Monday, December 3, 2012

Big Data Talent Gap: Shortage of Quantitative Analysts and Data Scientists in North America

From the link:

In the job market, you will find plenty of musicians, singers, dancers, waiters, chefs, marketers, salespersons and so on. However, what you will not easily find is number crunchers or data analysts. This is perhaps because Mathematics is not sexy to most people. Statistics is not fun to most people. Not everyone is crazy about Physics.

Guess what! There is a serious shortage of Data Analysts (or Data Scientists as they are sometimes called) in the market now.
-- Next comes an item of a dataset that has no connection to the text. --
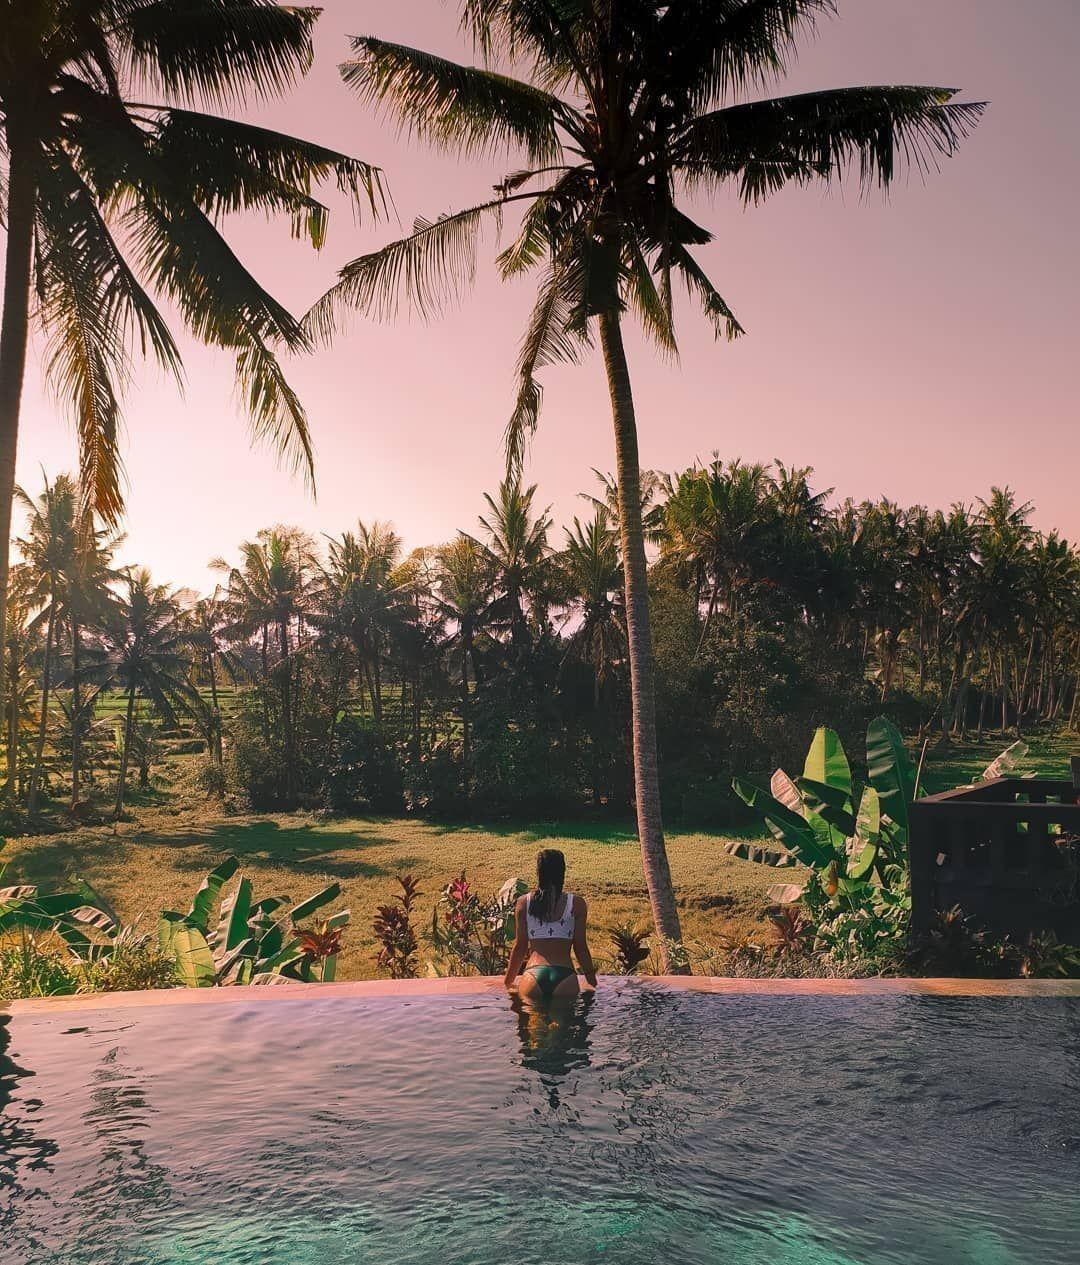 Staying at Agung Raka Resort & Villa,  Enjoy A Luxury Experience in Ubud

How are companies finding data scientists? They are looking far and wide, trying to source from academia, Wall Street, Silicon Valley, and industry competitors. When asked, "How are you getting data scientists skills into your organization?" 69% of respondents indicated they were "training existing analytical professionals," but 91% were "hiring new people." So while there is an effort underway to develop talent from within, the vast majority of companies are seeking talent from the outside. The challenge of finding data scientists is viewed as more daunting than finding qualified analytic talent.

The report from Harvard Business Review from the link above captures this picture.



Moral of the story: If you want to get hired quickly, specialize in a field that is not crowded. One such field is Data Analysis - this includes Statisticians, Economists, Accounting, Finance professionals, Marketing metrics analysts, Physicists, and so on. There are enough marketing and sales professionals out there. There are even some qualitative analysts. But NOT enough quantitative analysts.

I guess this is a `Nate Silver effect`, ha ha.

It is common for engineers to branch into these fields after MBA. A lot of engineers go on to specialize in Finance during their MBA and find jobs in Wall St. and Bay St.